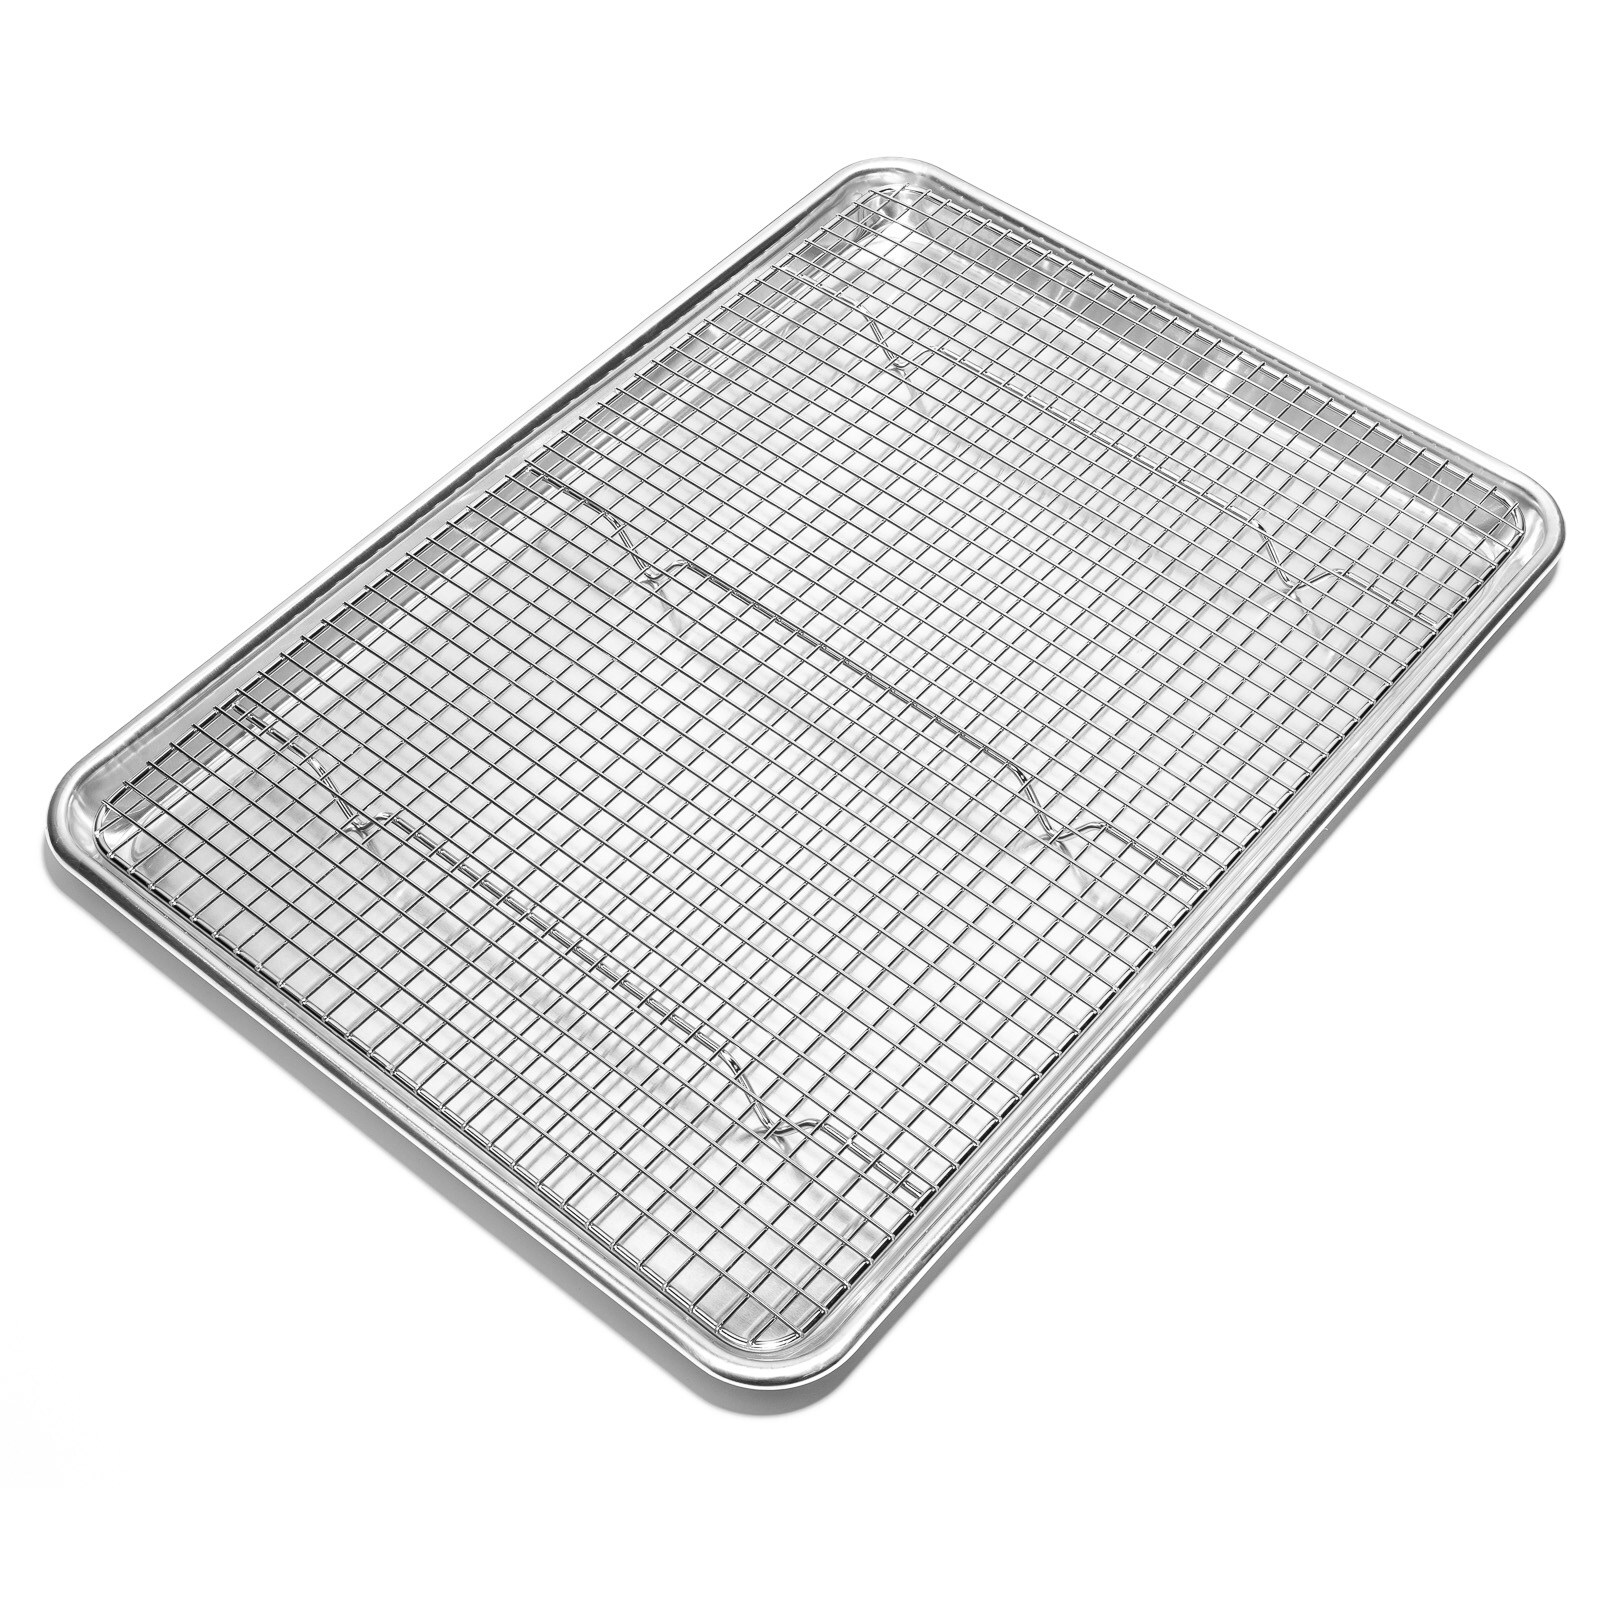 Set of 2) Stainless Steel Baking & Cooling Racks - Bed Bath & Beyond -  31662831
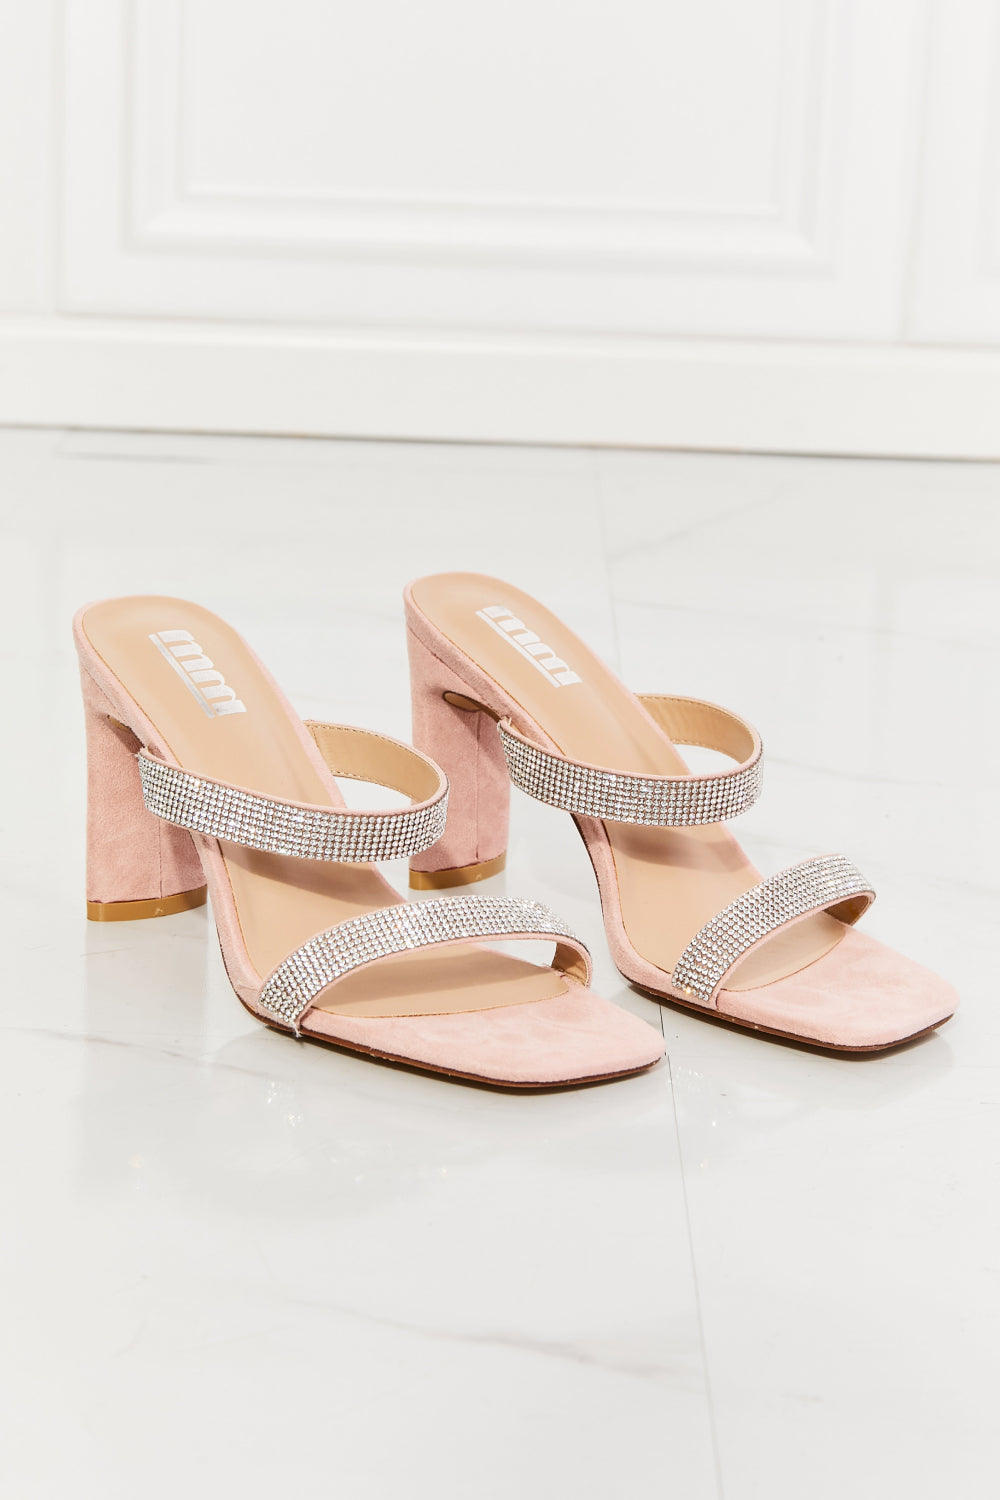 MMShoes Leave A Little Sparkle Rhinestone Block Heel Sandal in Pink - nailedmoms
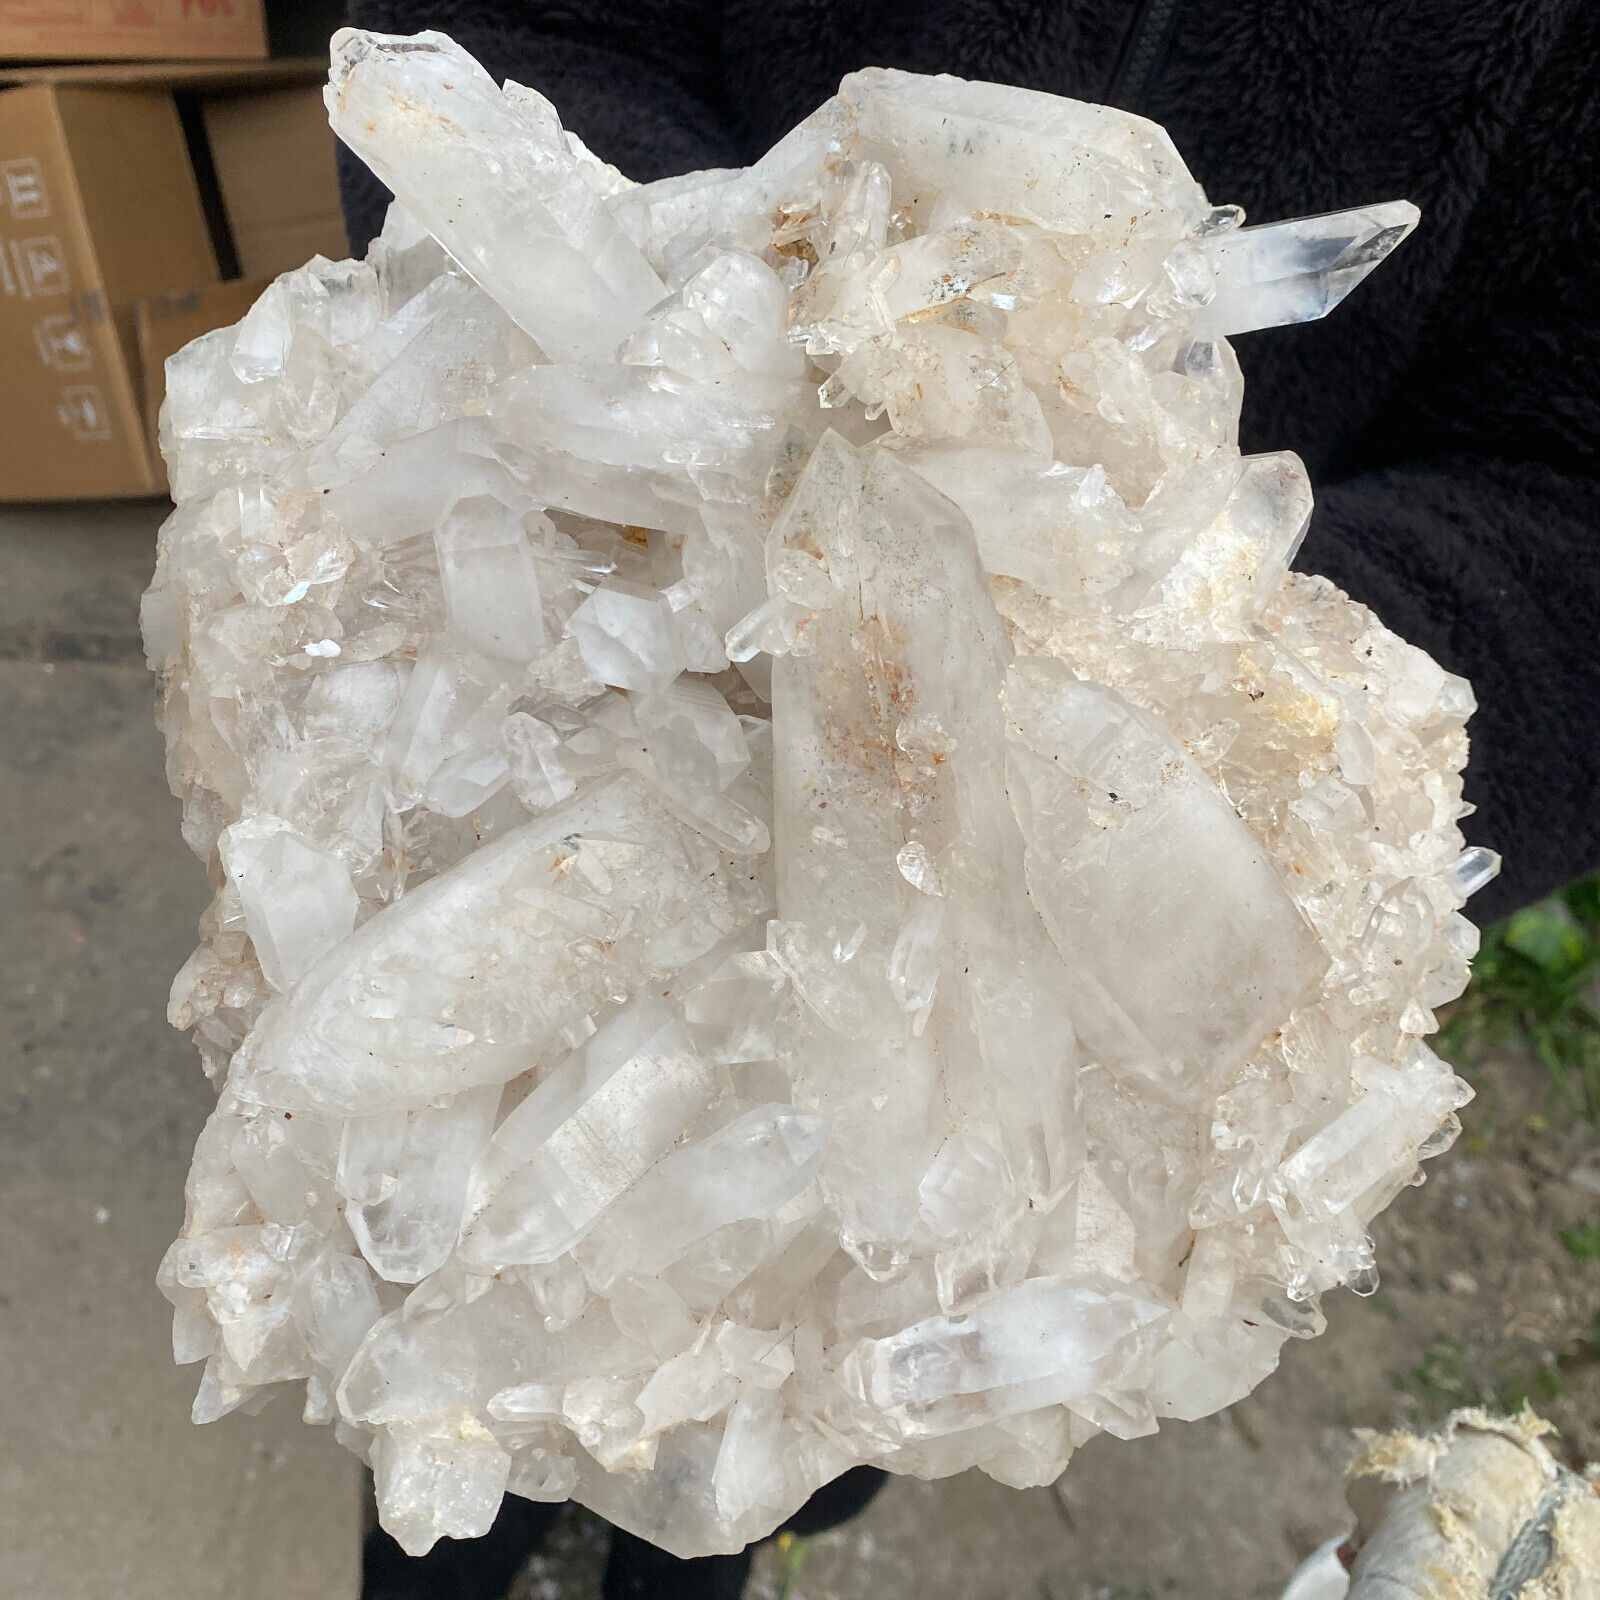 14.4lb Large Natural Clear White Quartz Crystal Cluster Rough Healing Specimen

• **ABOUT THIS EXERCISE**
Every line above should be returned exactly; the pictures stay out.

• **EXERCISE RESPONSE**
 Set of 2) Stainless Steel Baking & Cooling Racks - Bed Bath & Beyond -  31662831
 MMShoes Leave A Little Sparkle Rhinestone Block Heel Sandal in Pink - nailedmoms
 14.4lb Large Natural Clear White Quartz Crystal Cluster Rough Healing Specimen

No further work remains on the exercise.